В декабре 53-го года сообщили о расстреле Берия. Никто еще не подозревал, что это этап, шаг по пути к 56-му году, к развенчанию самого Сталина.

«Сталин — наша слава боевая»

На приеме Сталин подходит к Буденному: «Слушайте, товарищ Буденный, сколько лет мы с вами знакомы?» Маршал ошарашен вопросом, не знает, в чем его тайный смысл (а он должен быть), теряется.

«Не помните? А я вам скажу: тридцать лет. Вот так. А у меня, между прочим, до сих пор нет вашей фотокарточки». У Буденного пот катится со лба, он по-дурацки роется во всех карманах, а Сталин подзывает своего охранника. «Дайте мне фотографию Семена Михайловича». Фото тут же появляется. Сталин: «Ну, надпишите мне, пожалуйста». Буденный трясущимися руками вытаскивает ручку, не соображает, что написать. Сталин выручает его: «Ну ладно, не смущайтесь, я сам надпишу от вашего имени» — и пишет: «Основателю Первой Конной Армии товарищу Сталину от С. М. Буденного». Тот берет с недоумением, благодарит. Сталин: «А у вас, товарищ Буденный, есть моя карточка?» Буденный еле ворочает языком: «П-по-м-моему, нет, товарищ Сталин». Вождь вынимает из кармана свое фото, пишет: «Подлинному основателю Первой Конной Армии товарищу Буденному от товарища Сталина» — и вручает маршалу.

Скорее всего, это выдуманная история, но весьма характерная: в ней великолепно передан сталинский стиль, сталинский черный юмор. Приведу еще две. Сталин в первые дни войны наносит визит в Генеральный штаб (это было на самом деле, причем единственный раз). Среди генералов он видит некоего Федорова и удивленно говорит: «А, товарищ Федоров, рад вас видеть, а я думал, что вас расстреляли». У Федорова почти инфаркт. Через четыре года, на Параде Победы, Сталин, разгуливая между трибун, замечает того же генерала. «Здравствуйте, товарищ Федоров, давно не виделись, еще с тех пор, с генштаба, помните? Да, какая тяжелая была война, но ведь что интересно — даже тогда мы находили время весело шутить».
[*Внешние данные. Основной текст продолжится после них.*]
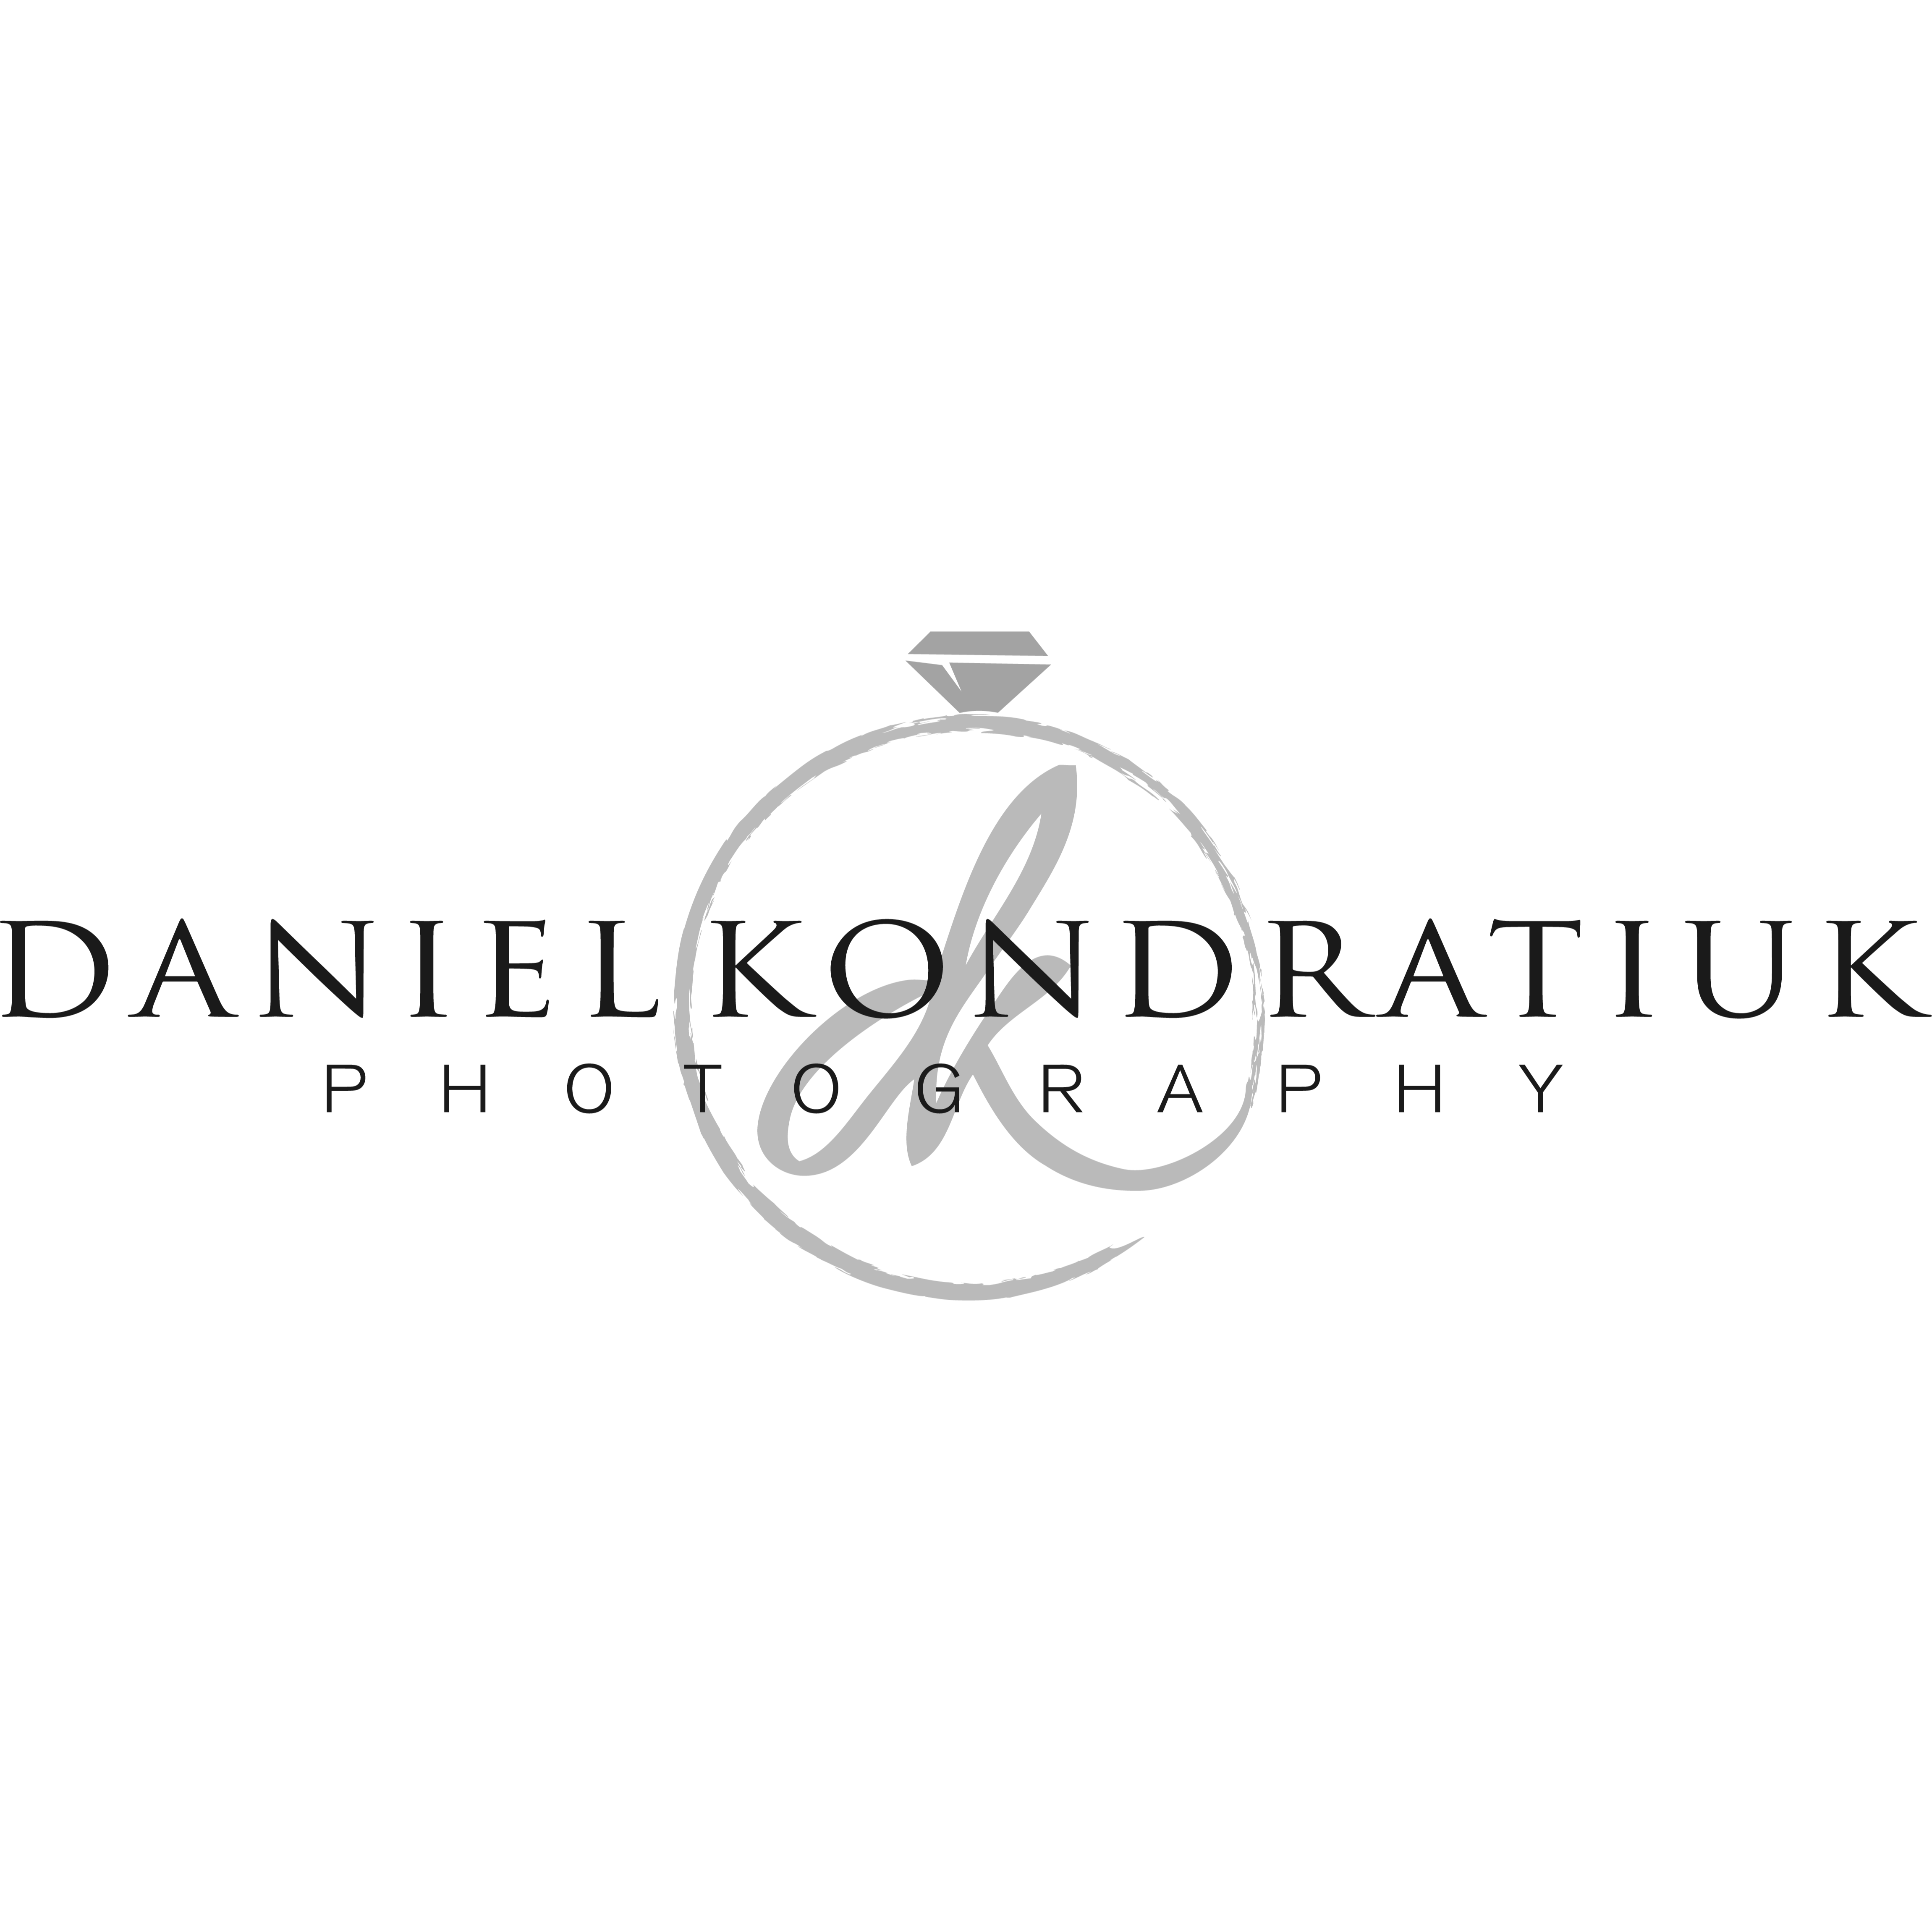 Hochzeitsfotograf Koblenz Daniel Kondratiuk in Koblenz am Rhein - Logo

В Москву приезжает по своим делам католикос Грузинской православной церкви. Ему намекают, что раз он в Москве, неудобно было бы не попросить аудиенции у Сталина. Аудиенция испрошена и получена. Встает вопрос: в какой одежде идти к Сталину? В своем патриаршем облачении — но ведь Сталин, исключенный в свое время из семинарии, видеть не может всякие там рясы и ризы. А в штатском наряде идти — не положено по чину. В конце концов католикос надевает пиджак и брюки. Его вводят в кабинет. Сталин сидит за столом, что-то пишет не глядя, кивком подзывает католикоса, смотрит на его костюм и говорит, показывая пальцем вверх: «Что, Его не боишься, меня боишься?»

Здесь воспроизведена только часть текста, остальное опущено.